The trick to trading NFTs is when to sell them. The right time to sell an NFT will depend on what it is, why you bought it, and if there’s any other interest in the item. Quick research on the internet and marketplace can help you determine this.
You’ll also have to factor in price appreciation or depreciation. Calculate your potential profit and loss by including additional costs like gas fees, marketplace listing fees, and royalties paid to the original owner. These fees will ultimately reduce your final take-home amount.
Once you’ve got your wallet set up and funded, there’s no shortage of NFT sites to shop. Currently, the largest NFT marketplaces are:
• OpenSea.io: This peer-to-peer platform bills itself a purveyor of “rare digital items and collectibles.” To get started, all you need to do is create an account to browse NFT collections. You can also sort pieces by sales volume to discover new artists.
• Rarible: Similar to OpenSea, Rarible is a democratic, open marketplace that allows artists and creators to issue and sell NFTs. RARI tokens issued on the platform enable holders to weigh in on features like fees and community rules.
• Foundation: Here, artists must receive “upvotes” or an invitation from fellow creators to post their art. The community’s exclusivity and cost of entry—artists must also purchase “gas” to mint NFTs—means it may boast higher-caliber artwork. For instance, Nyan Cat creator Chris Torres sold the NFT on the Foundation platform. It may also mean higher prices — not necessarily a bad thing for artists and collectors seeking to capitalize, assuming the demand for NFTs remains at current levels, or even increases over time.

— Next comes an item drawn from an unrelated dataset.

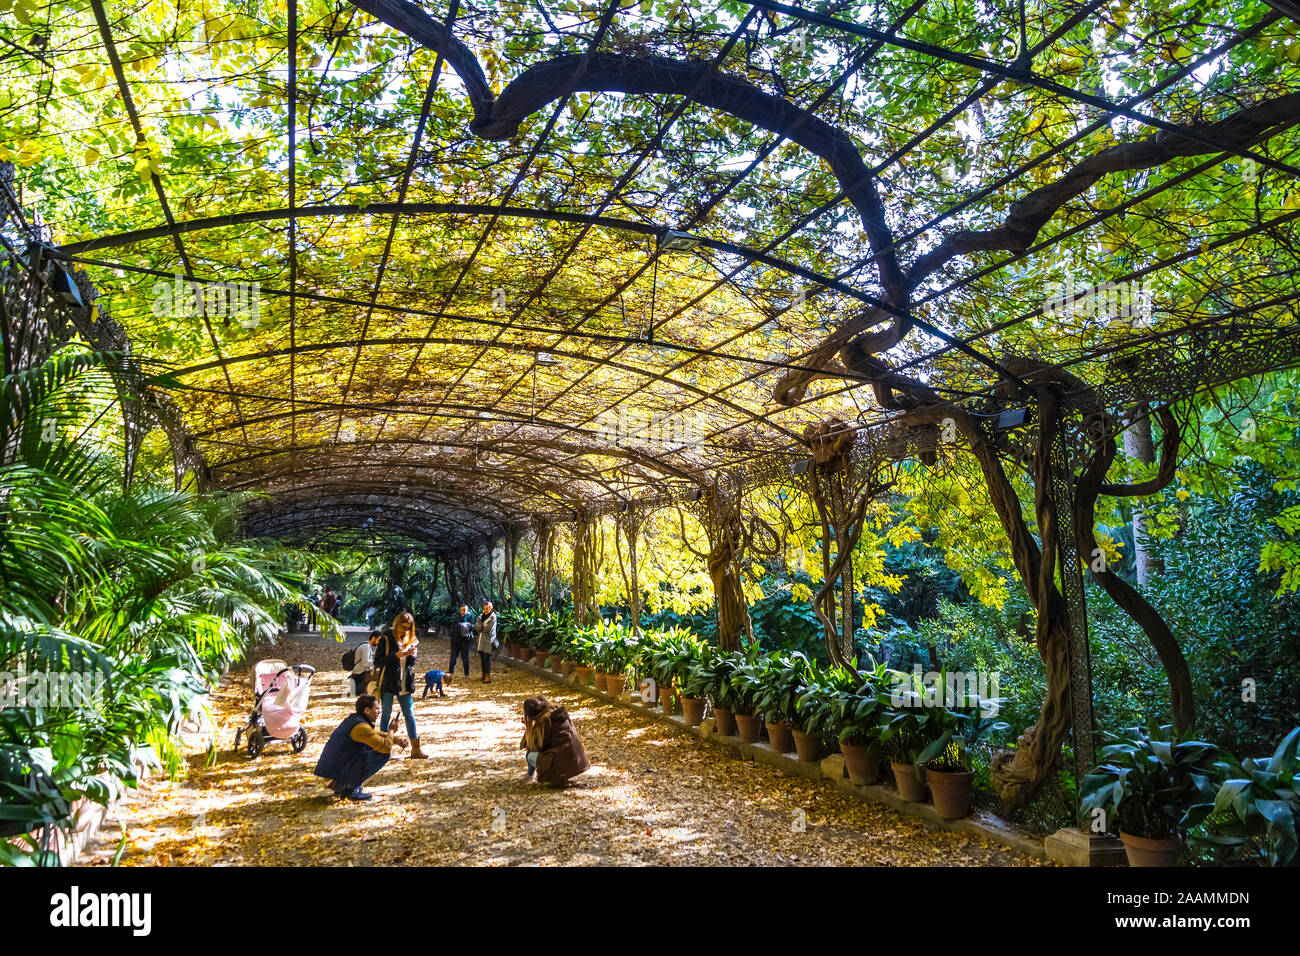 Malaga, Spanien - 10. Dezember 2017: Botanischer Garten (Jardin Botanico La Concepcion) in Malaga. Einer der wenigen Gärten mit subtropischen Klima Pflanzen Stockfoto
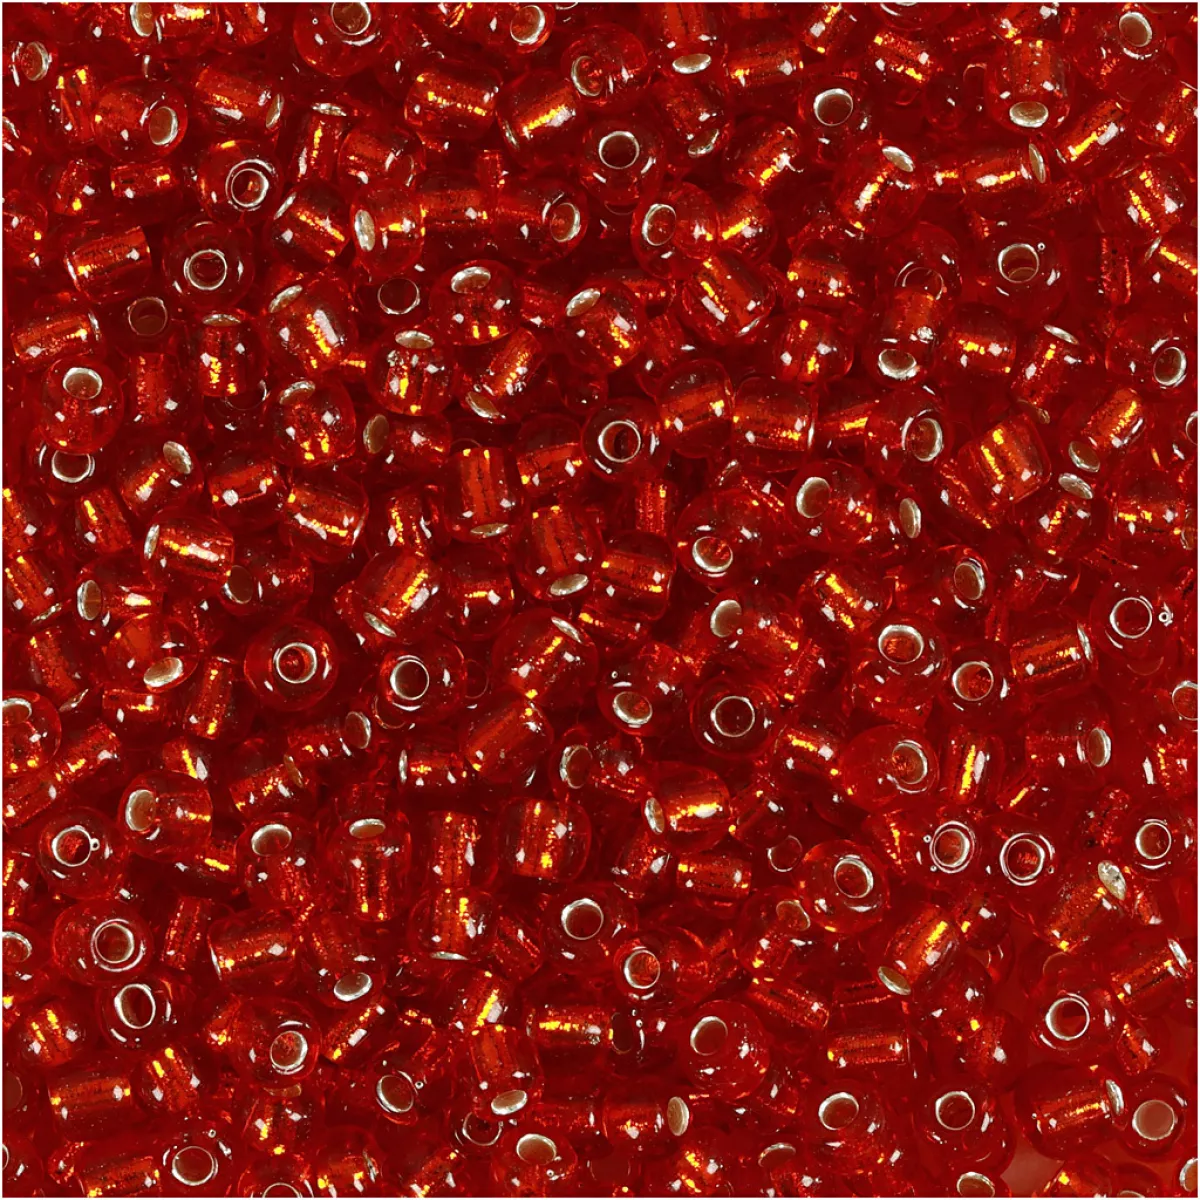 #2 - Rocaiperler, diam. 3 mm, str. 8/0 , hulstr. 0,6-1,0 mm, metal rød, 25 g/ 1 pk.

Although these platforms and others are host to thousands of NFT creators and collectors, be sure you do your research carefully before buying. Some artists have fallen victim to impersonators who have listed and sold their work without their permission.
In addition, the verification processes for creators and NFT listings aren’t consistent across platforms — some are more stringent than others. OpenSea and Rarible, for example, do not require owner verification for NFT listings. Buyer protections appear to be sparse at best, so when shopping for NFTs, it may be best to keep the old adage “caveat emptor” (let the buyer beware) in mind.